In such cases, a report of finding will be issued. The disposition will be not well-founded and the investigation will be closed.

Not a reasonable extension

The OIC will find the extension to be invalid if:

  1. the institution has not notified the requester within the required 30 days; or
  2. the institution has not satisfied all the criteria enumerated in paragraph 9(1)(a); and/or
  3. the length is not reasonable having regard to the circumstances.

In such cases, the OIC will obtain a disclosure date from the institution. The OIC will then assess the reasonableness of this disclosure date, in consultation with the requester.

Reasonable disclosure date provided by an institution:

  • The investigation will be put on hold until the disclosure date is met. Once the disclosure date has been met and the final response has been provided to the requester, a report of finding will be issued. The disposition will be well-founded, resolved and the investigation will be closed.
  • The investigation will be put on hold until the disclosure date is met. If the final response has not been provided to the requester by the disclosure date, a letter under section 37 of the Act will be sent to the head of the institution providing ten (10) days to issue the final response. If the response is sent within ten (10) days, a report of finding will be issued. The disposition will be well-founded, resolved and the investigation will be closed.

If the final response is not sent within ten (10) days, a report of finding will be issued, the disposition will be well-founded, not resolved and the investigation will be closed.

Judicial review by the Federal Court may be pursued either by the complainant or the OIC with the complainant’s consent.

No reasonable disclosure date provided by an institution:

  • The OIC will issue a letter to the head of the institution under section 37 of the Act formally recommending a disclosure date. The institution will then have ten (10) days to inform the OIC whether the Commissioner’s recommendation is accepted.
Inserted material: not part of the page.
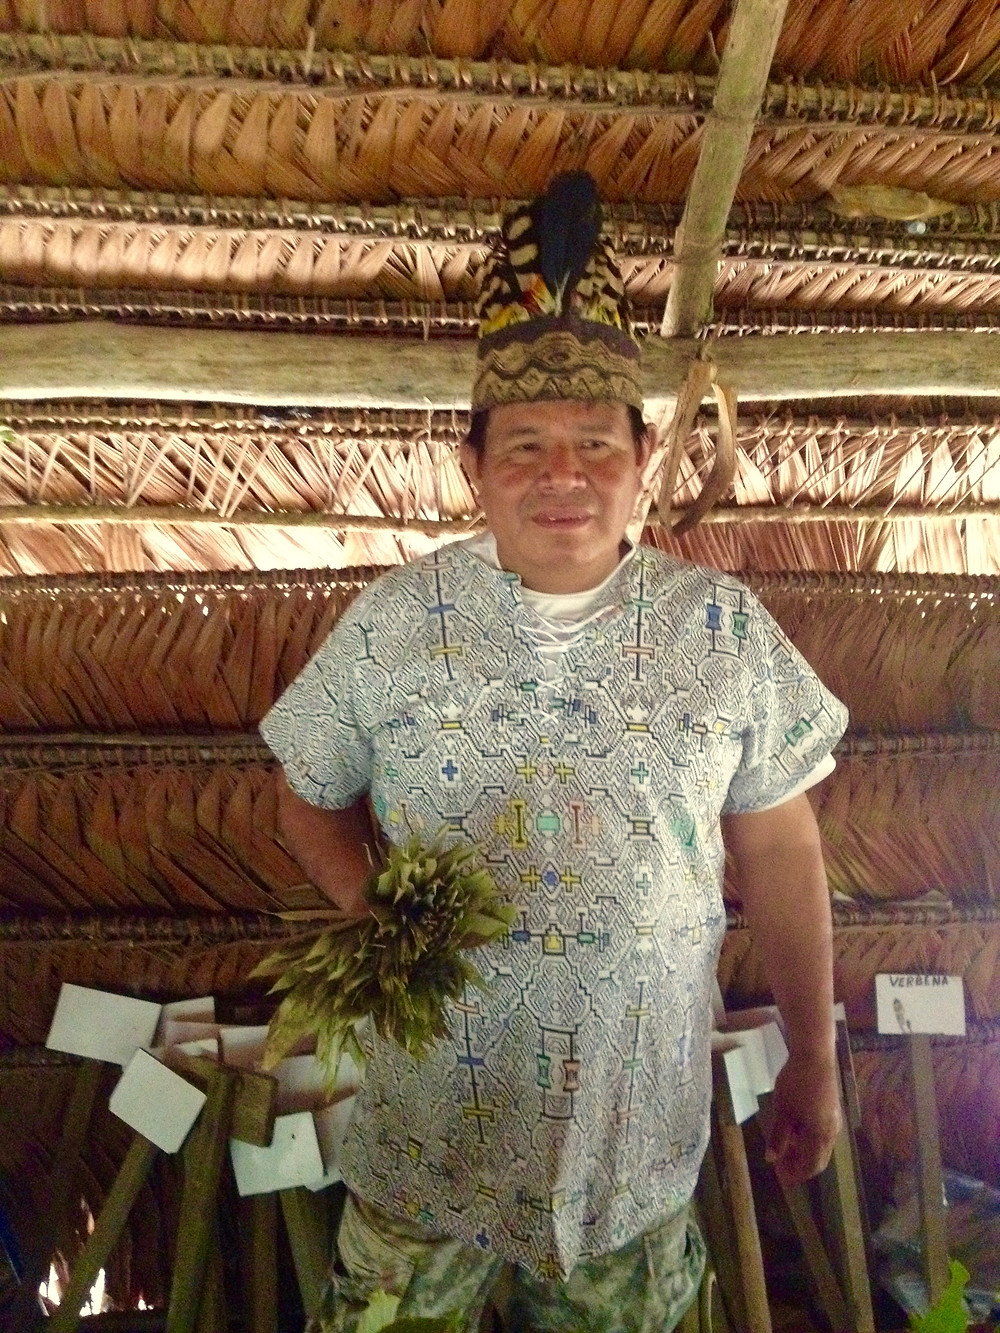 Shaman--Amazonian Rainforest

If the institution accepts the date, the requester has the same options as described under “Reasonable disclosure date provided by an institution”, above.
  • If a reasonable disclosure date is not accepted by an institution after a formal recommendation from the OIC under section 37 of the Act, a report of finding will be issued, the disposition will be well-founded, not resolved and the investigation will be closed.

Judicial review by the Federal Court may be pursued either by the complainant or the OIC with the complainant’s consent.

Notification of extensions

Pursuant to subsection 9(2) of the Act, where an institution extends the time limit for more than 30 days under subsection 9(1), notice of the extension shall be given to the Information Commissioner at the same time notice is given to the requester.

The notification of extension to the OIC should include the following information:

  • Date of access request;
  • Date completed request is received by the institution;
  • Institution’s file number;
  • Text of the request;
  • Date extension notification sent to requester;
  • Reason under section 9 for extension (specify paragraph);
  • Length of extension; and
  • Notice of the right to complain to the OIC included.